Broadly, PC1 represents an axis of increasing contaminant load since the sizeable coefficients are all positive. (The dash denotes that variables have been log transformed, excepting Dep, and normalised to zero mean and unit standard deviation). PC2 needs to be orthogonal to PC1 (coefficients cross-multiplying to zero) and it does this simply here by, e.g., the large PC1 coefficients being small in PC2 and vice-versa.

Ch11fig11.1.jpg

Fig. 11.1. Garroch Head dump ground {G}. Two-dimensional PCA ordination of the 11 environmental variables of Table 11.1 (transformed and normalised), for the stations (1–12) across the sewage-sludge dump site centred at station 6 (% variance explained = 88%). Selected vectors are shown; they represent direction and relative strength of linear increase of normalised variables in this 2-d plane (‘base variables’ option). Only the directions of vectors should be interpreted; their location is arbitrary.
 

Fig. 11.1 shows a strong pattern of change on moving from the ends of the transect to the dump site centre, which (unsurprisingly) has the greatest levels of organic enrichment and metal concentrations (exceptions are Mn$^ \prime$, Co$^ \prime$ and Ni$^ \prime$). The superimposed vectors are in this case entirely accurate (see the footnote on p7-19), since equation (11.1) shows that the axes are linear in the variables. For example, the Cu$^ \prime$ vector is pointing along the x axis (to the right) because it has a sizeable positive coefficient of 0.38 on PC1, and only slightly downwards because of its small negative coefficient (-0.04) on the PC2 axis, whereas Mn$^ \prime$ and Ni$^ \prime$ increase strongly up the y axis (i.e. one would expect Ni$^ \prime$ to be at its lowest for site 9), with Mn$^ \prime$ pointing left and Ni$^ \prime$ right because of their (smaller) negative and positive PC1 terms. %C and Pb$^ \prime$ vectors are coincident, at least on these 2 axes, from their near identical coefficients.

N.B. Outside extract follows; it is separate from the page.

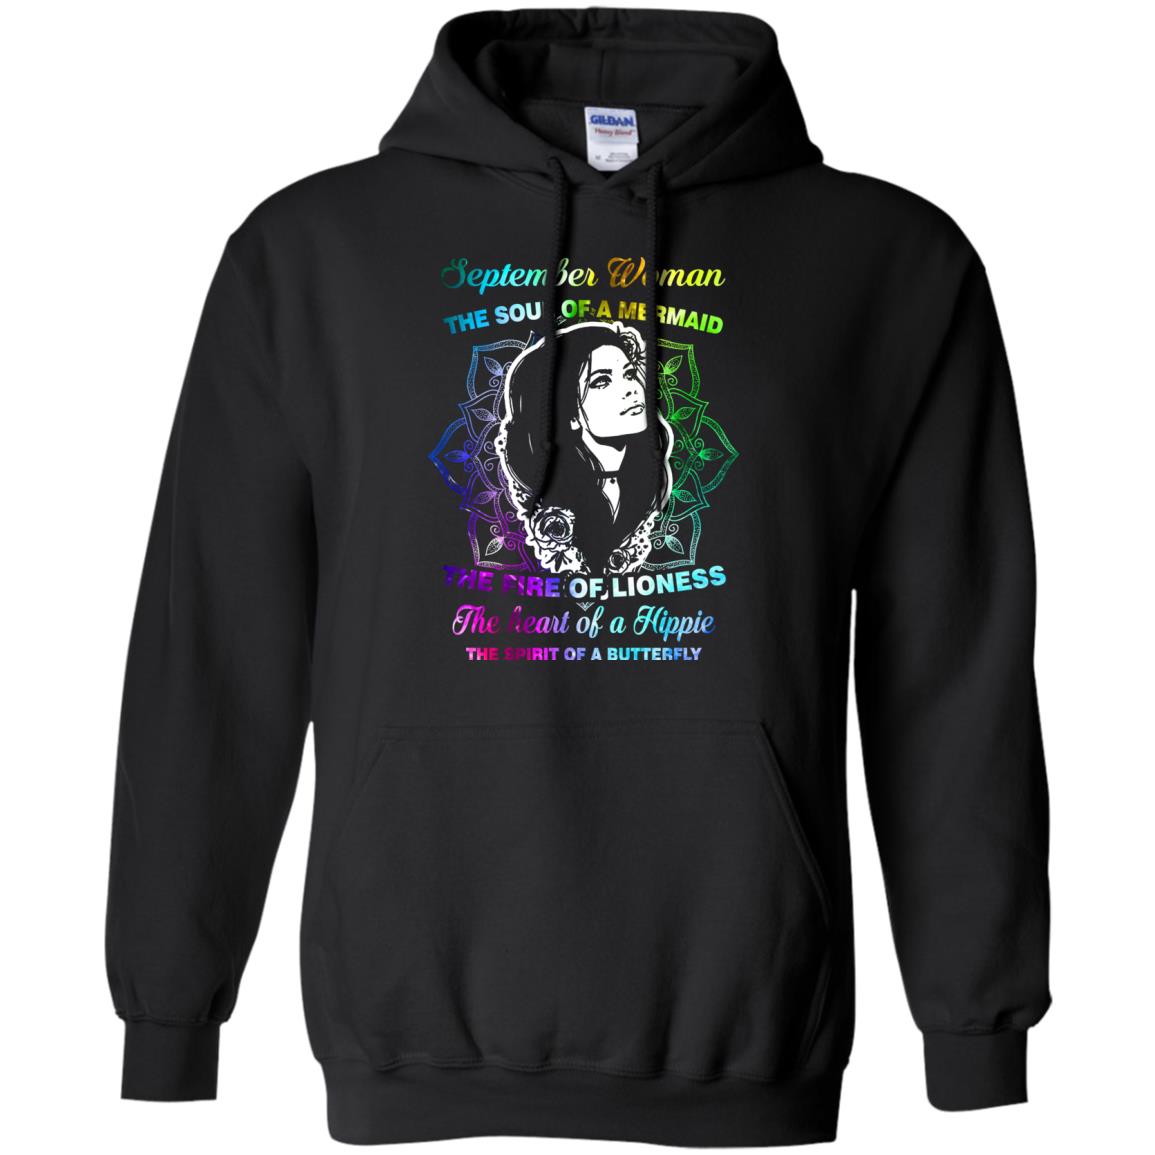 September Woman Shirt The Soul Of A Mermaid The Fire Of Lioness The Heart Of A Hippeie The Spirit Of A ButterflyG185 Gildan Pullover Hoodie 8 oz.

This is in contrast with abundance matrices which, because of their often larger number of variables (species) are usually transposed, i.e. the samples are displayed as columns. The PRIMER software package handles data entered either way round, of course, though it is important to specify in the entry dialog whether the rows or the columns should be taken as samples.